• _Exercise description_:
Write out exactly the lines below from the one containing "Poppies, Crocus Scepusiensis" to the last, both ends kept, and nothing more; skip all pictures.

• _Data section_:
------------------------------------------------
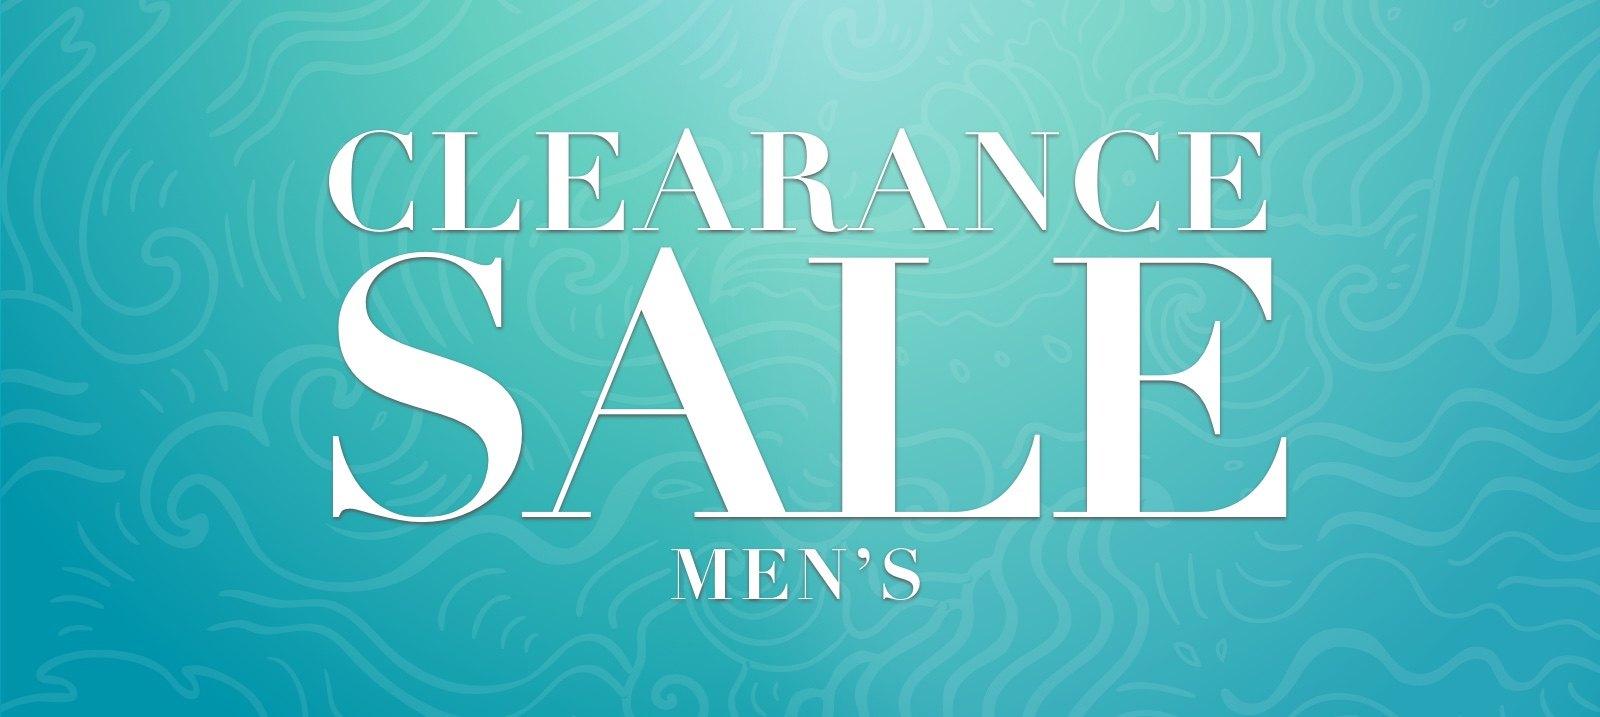 Men's Clearance
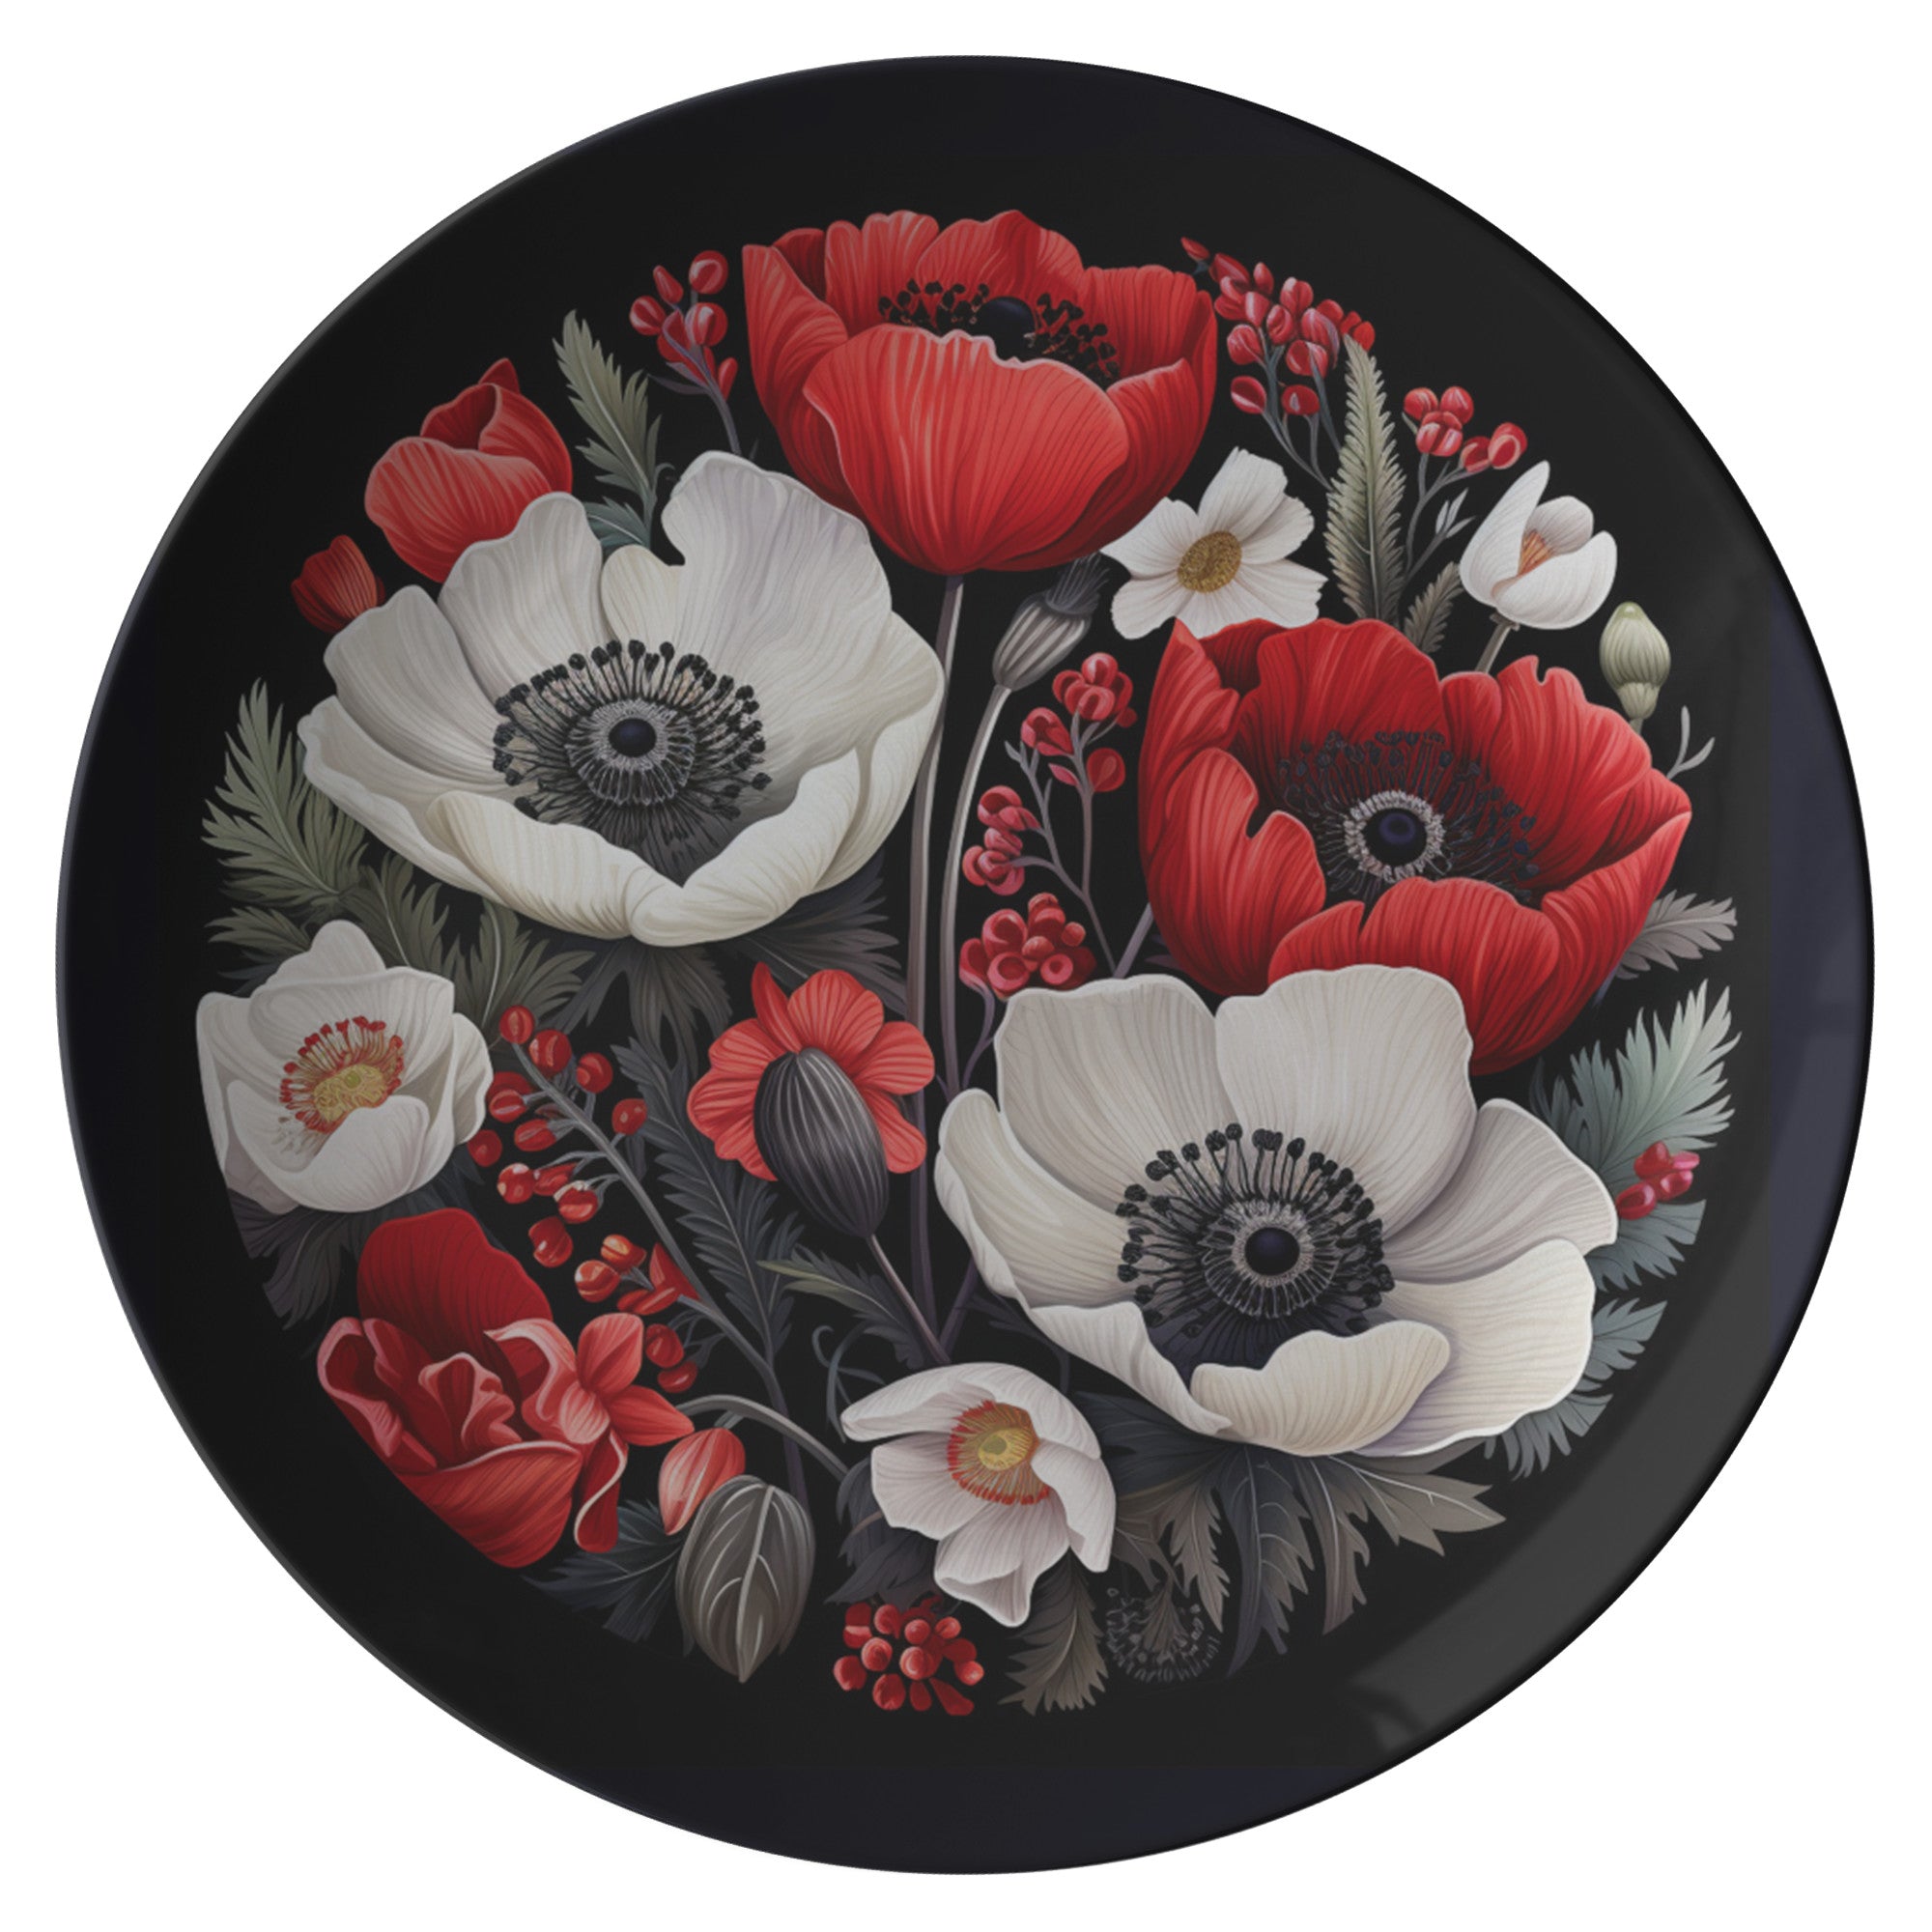 Poppies, Crocus Scepusiensis and Chicory Plate Kitchenware teelaunch   
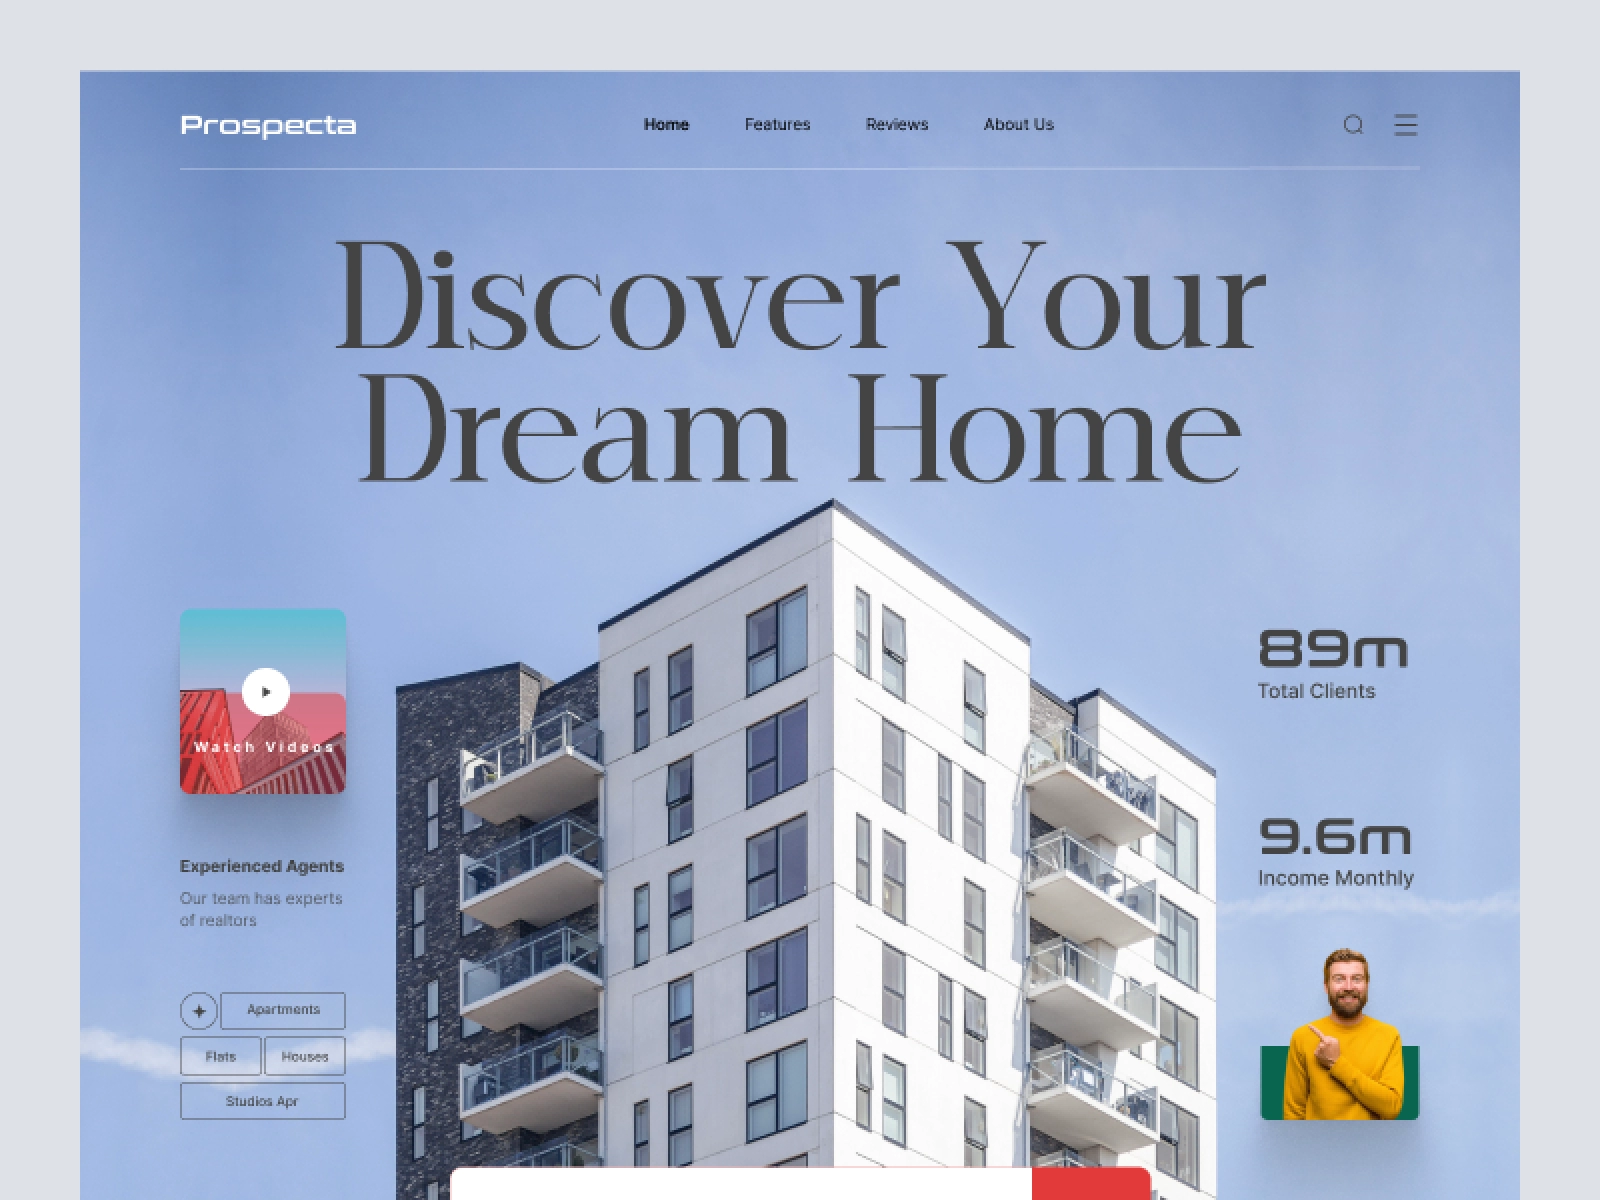 Prospects - Real Estate Website Homepage for Figma and Adobe XD - screen 1
------------------------------------------------
• _Result for this task_:
 Poppies, Crocus Scepusiensis and Chicory Plate Kitchenware teelaunch   
 Prospects - Real Estate Website Homepage for Figma and Adobe XD - screen 1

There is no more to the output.